### Exercise details
Repeat the listing below verbatim, without its images.
*** Data excerpt Section Begins ***
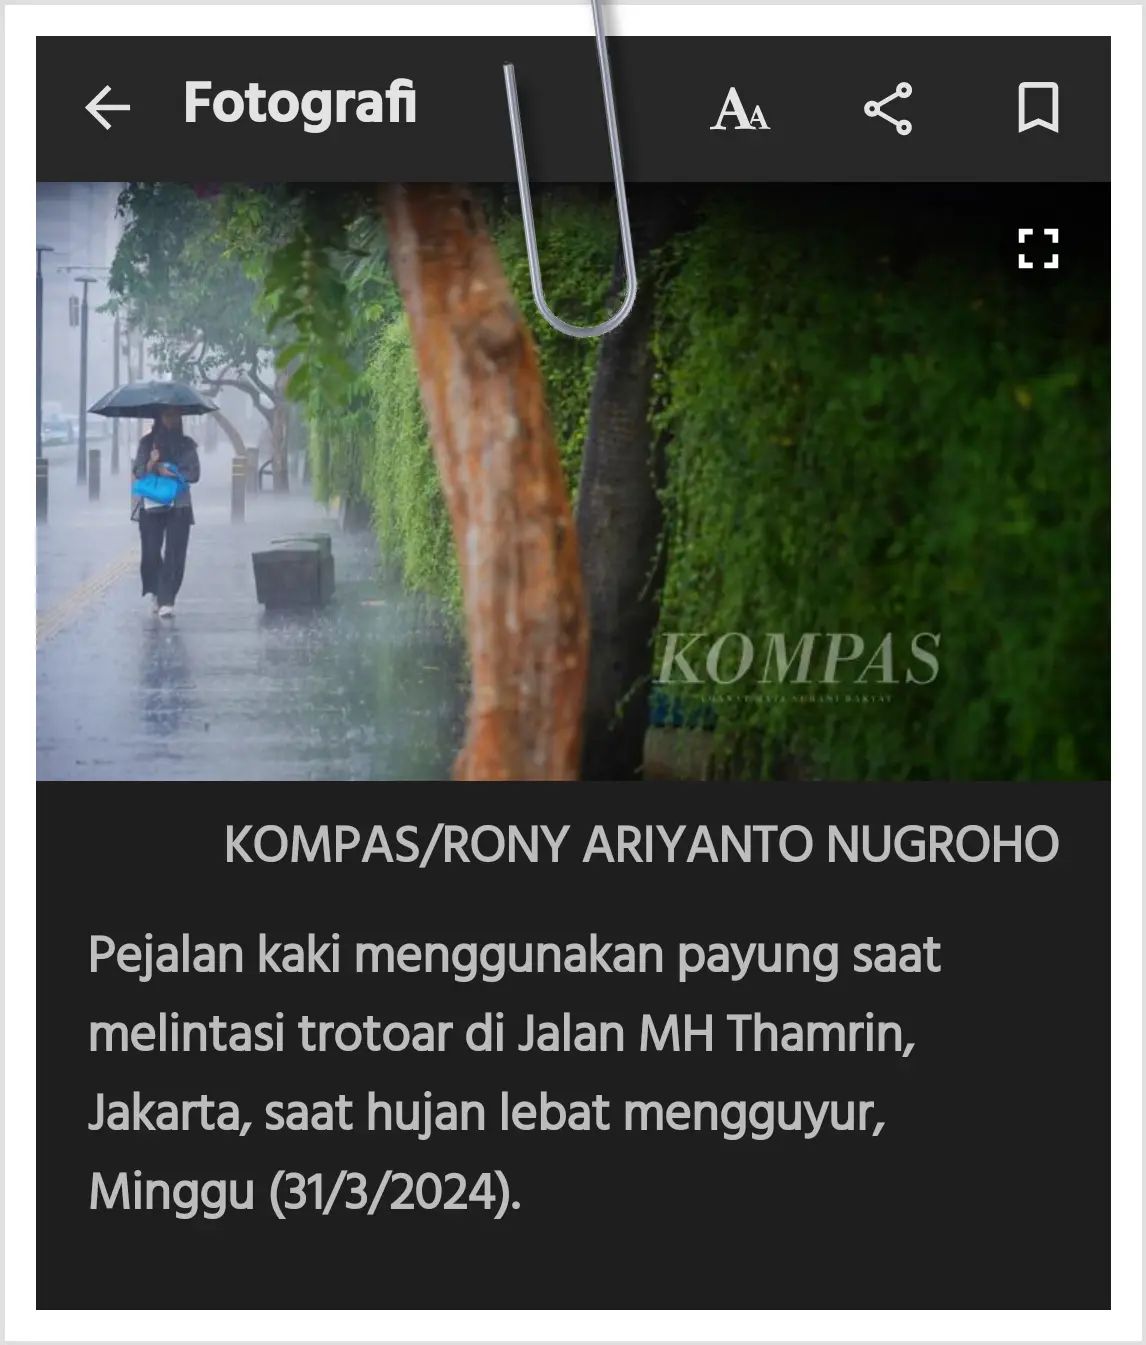 Jakarta hujan dalam foto jurnalistik Kompas 
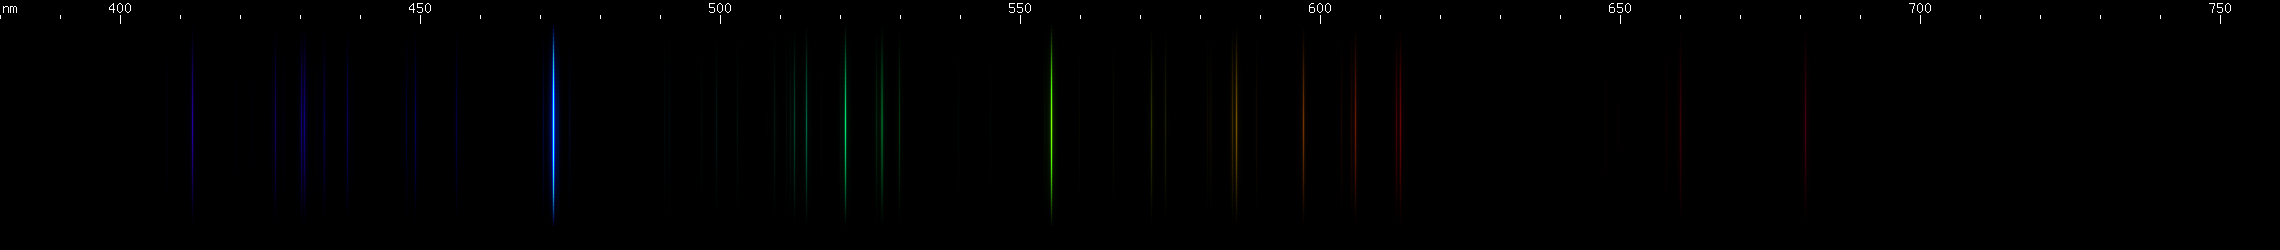 Spectral Lines of Bismuth
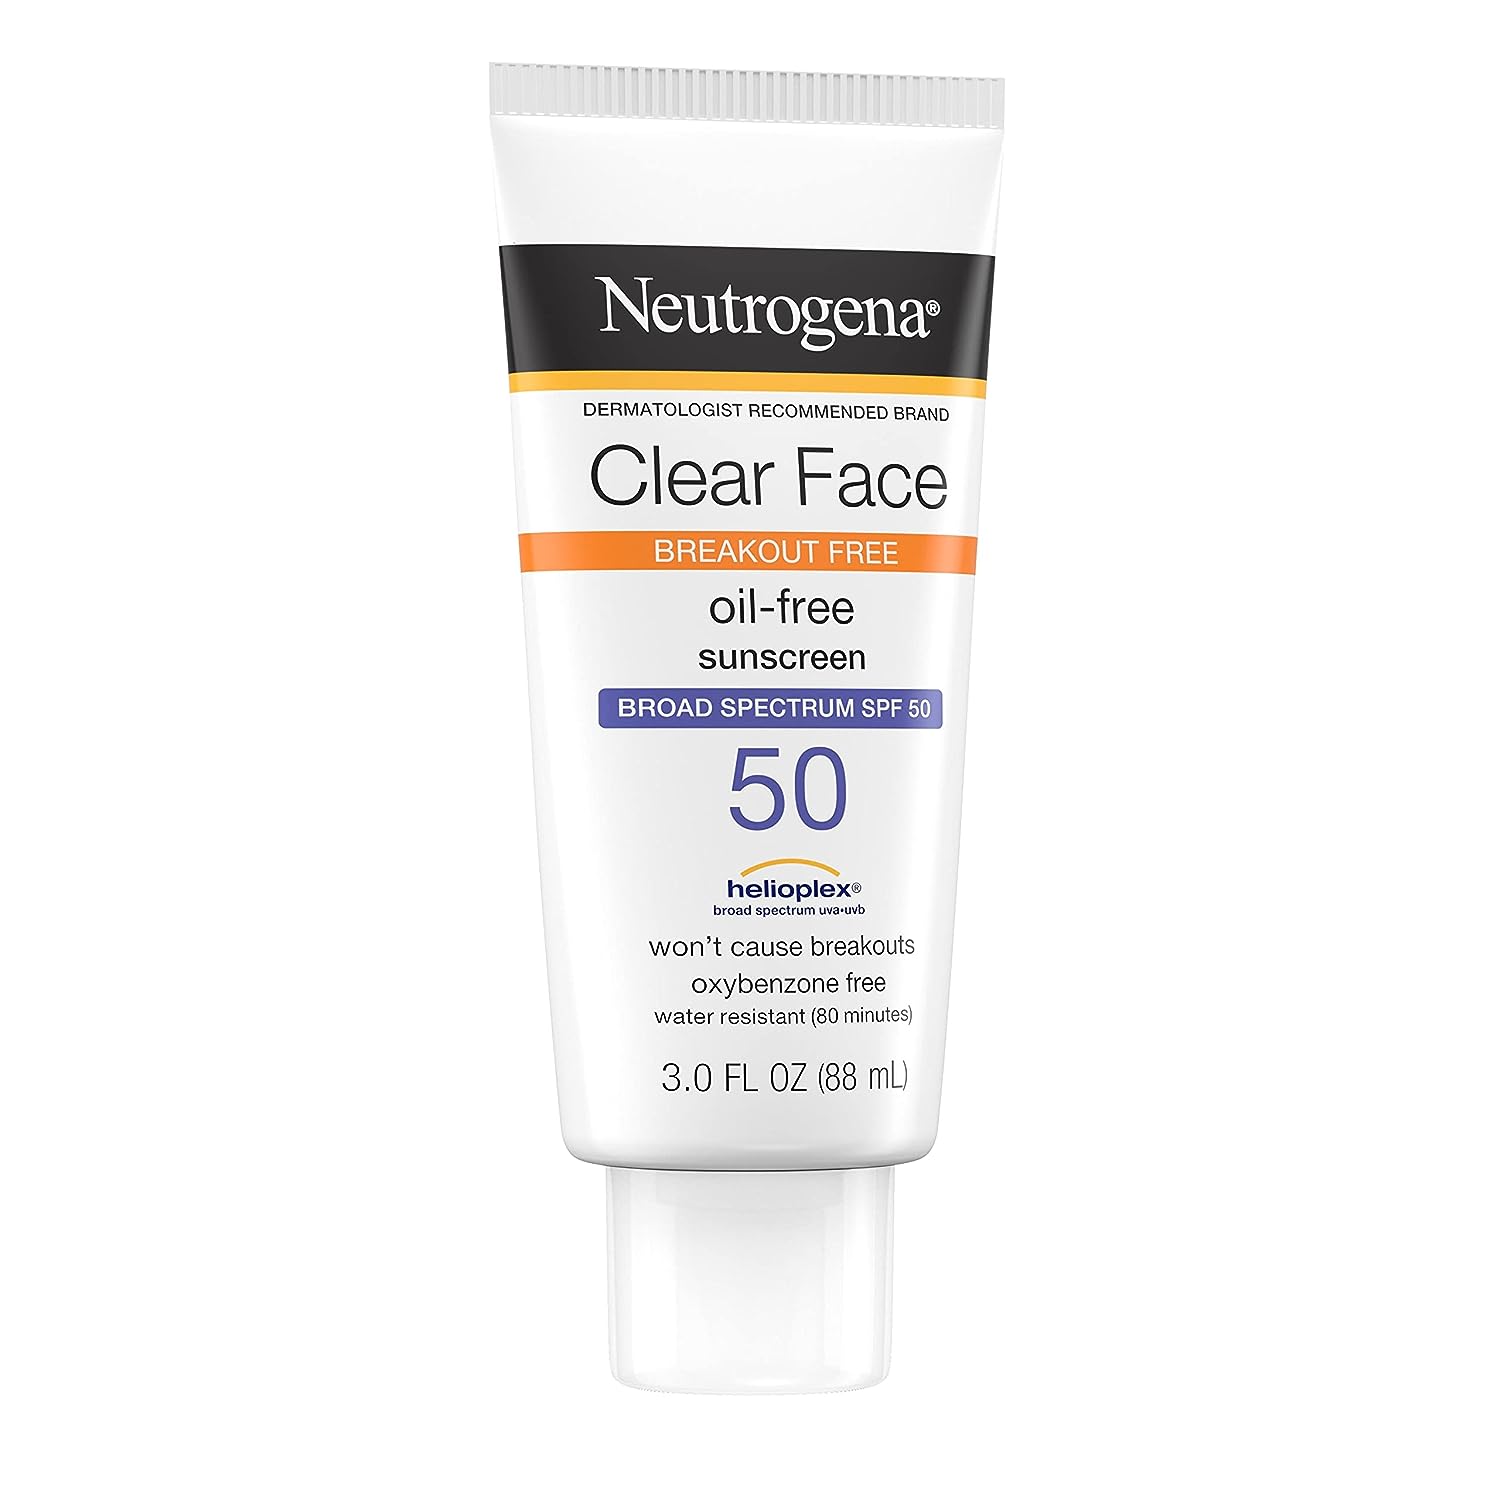 Neutrogena Clear Face Liquid Lotion Sunscreen for Acne-Prone Skin, Broad Spectrum SPF 50 UVA/UVB Protection, Oil-, Fragrance- & Oxybenzone-Free Facial Sunscreen, Non-Comedogenic, 3 fl. oz : Beauty & Personal Care
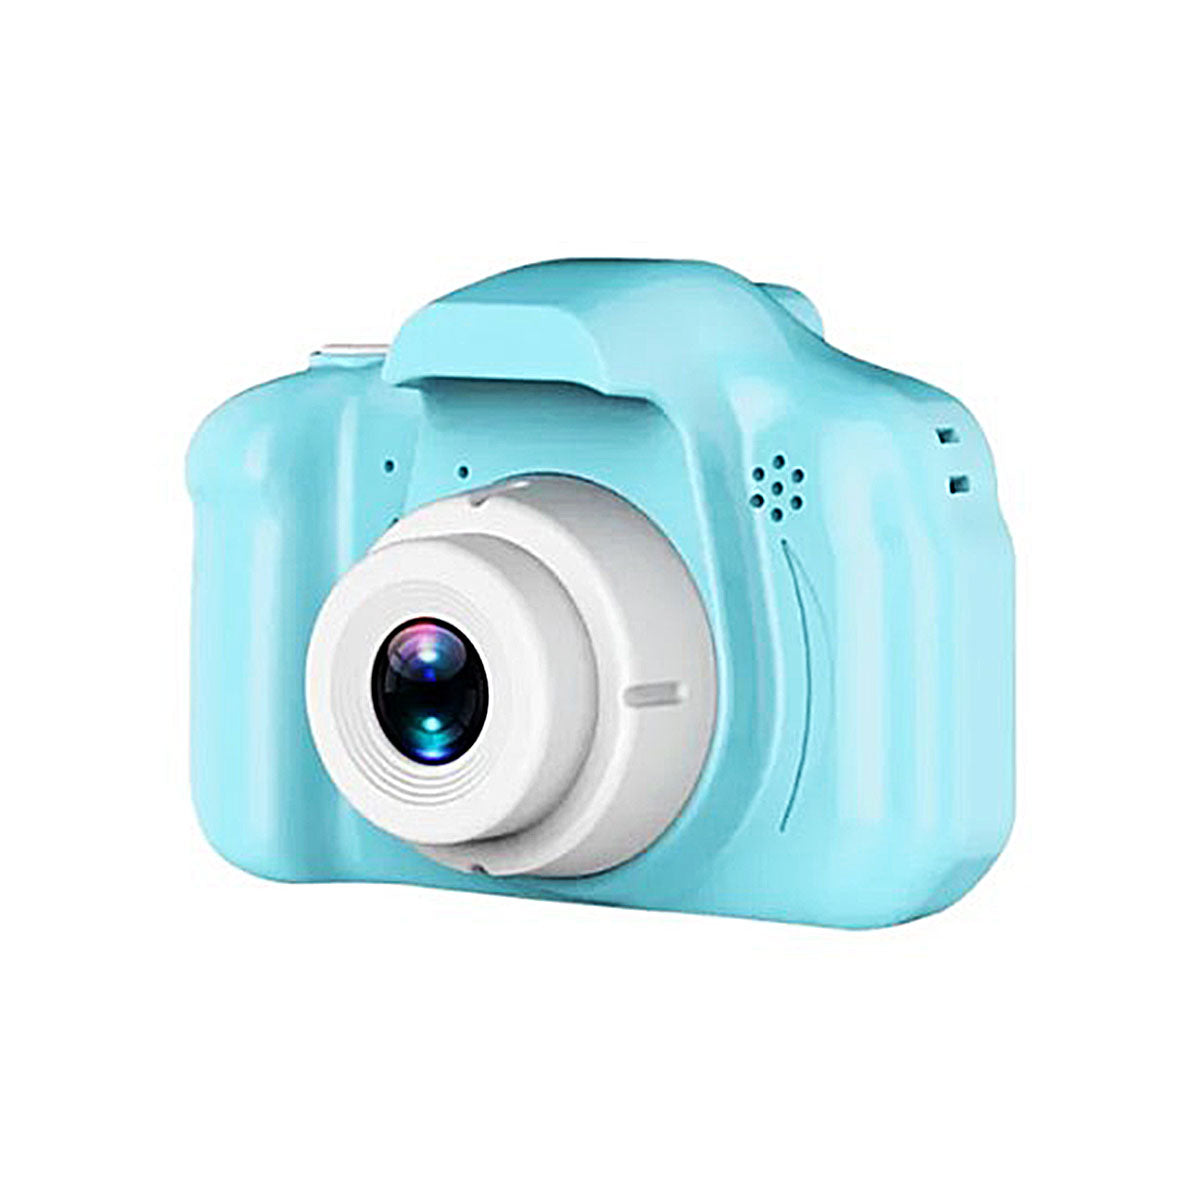 Children's Mini Waterproof HD Camera Toy 2 inch Screen
*** Data excerpt Section Ends ***
### Solution to this problem
 Jakarta hujan dalam foto jurnalistik Kompas 
 Spectral Lines of Bismuth
 Neutrogena Clear Face Liquid Lotion Sunscreen for Acne-Prone Skin, Broad Spectrum SPF 50 UVA/UVB Protection, Oil-, Fragrance- & Oxybenzone-Free Facial Sunscreen, Non-Comedogenic, 3 fl. oz : Beauty & Personal Care
 Children's Mini Waterproof HD Camera Toy 2 inch Screen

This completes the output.